- Source data
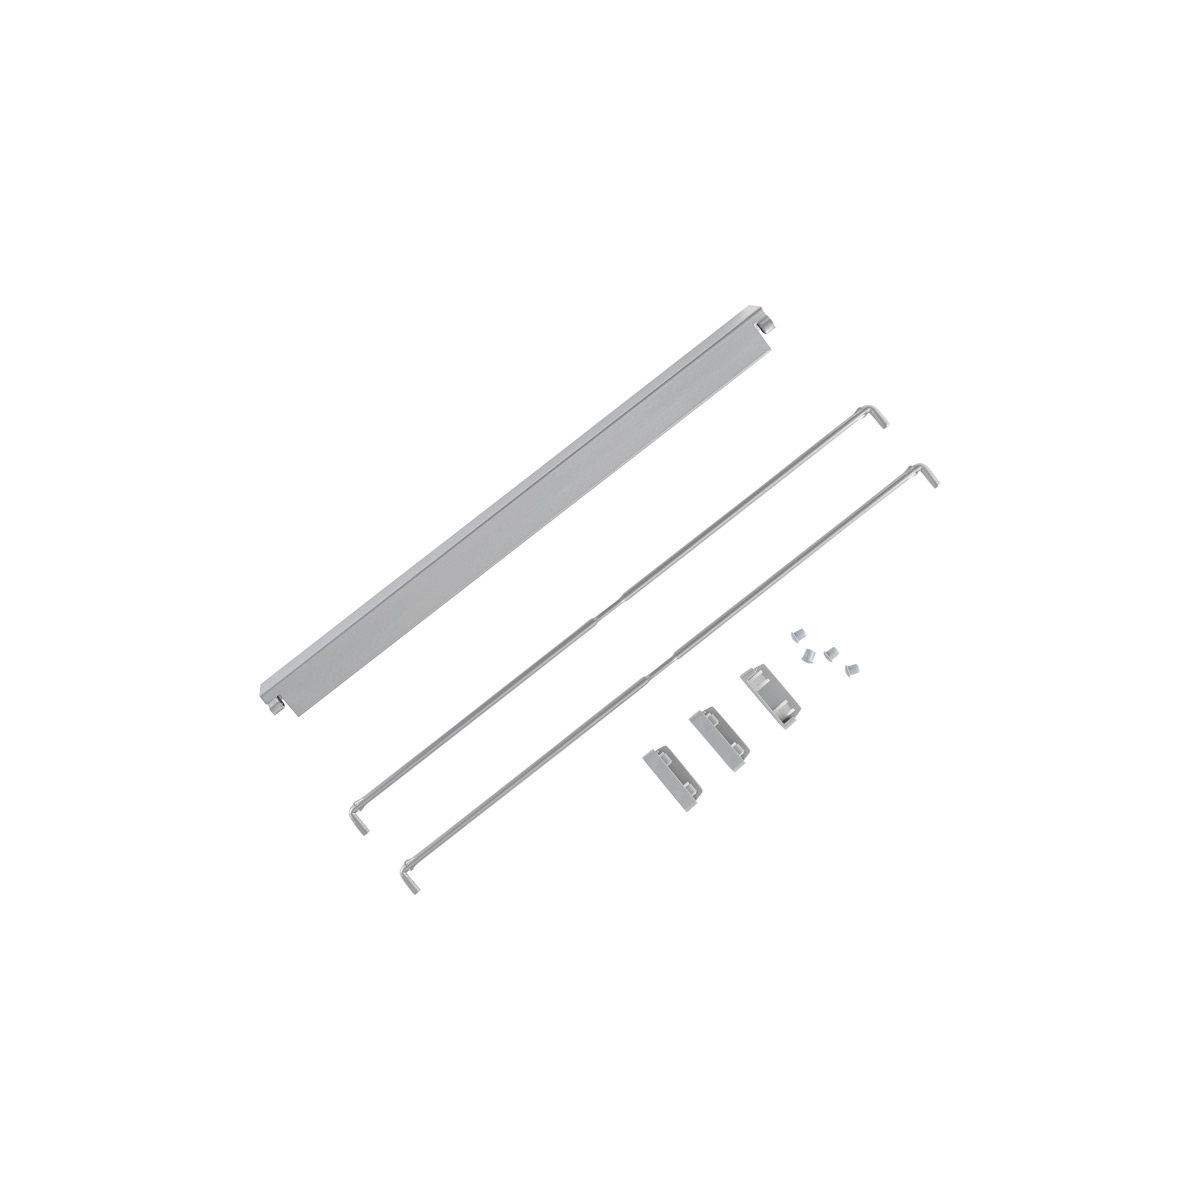 Stabilization Kit
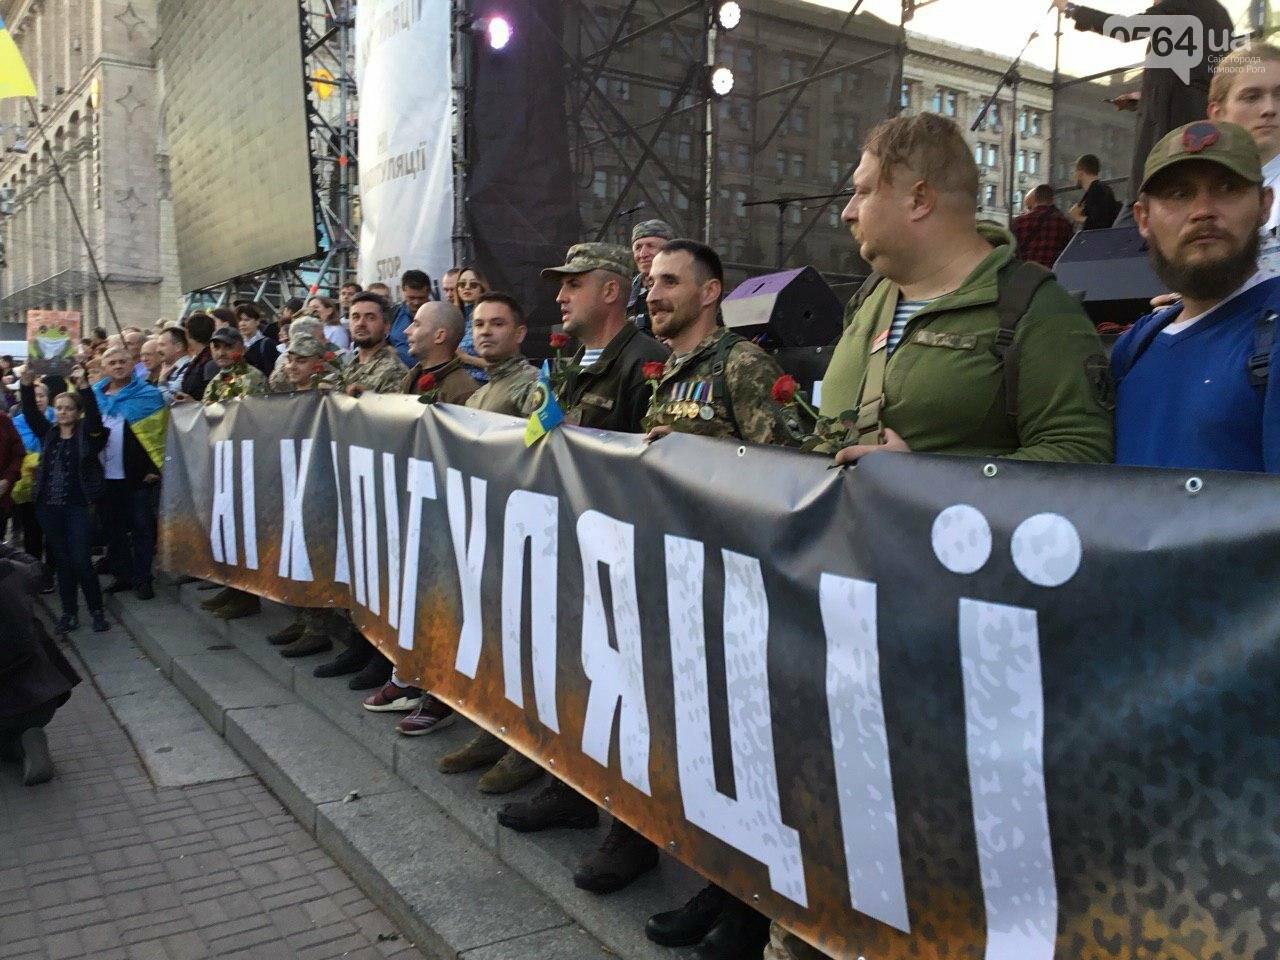 Криворожане поддержали Марш сопротивления капитуляции в Киеве, - ФОТО, ВИДЕО, ОБНОВЛЕНО, фото-38
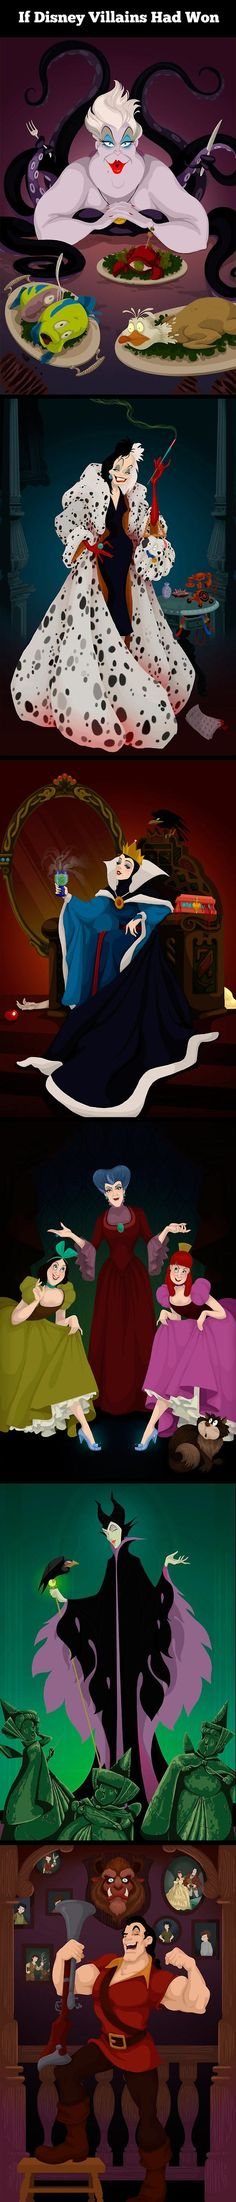 If Disney villains had won…

- What this task involves
Return exactly the lines starting at the line with "Криворожане поддержали Марш" and ending at the last line of the listing, both ends included; pictures are to be left out.

- Output
 Криворожане поддержали Марш сопротивления капитуляции в Киеве, - ФОТО, ВИДЕО, ОБНОВЛЕНО, фото-38
 If Disney villains had won…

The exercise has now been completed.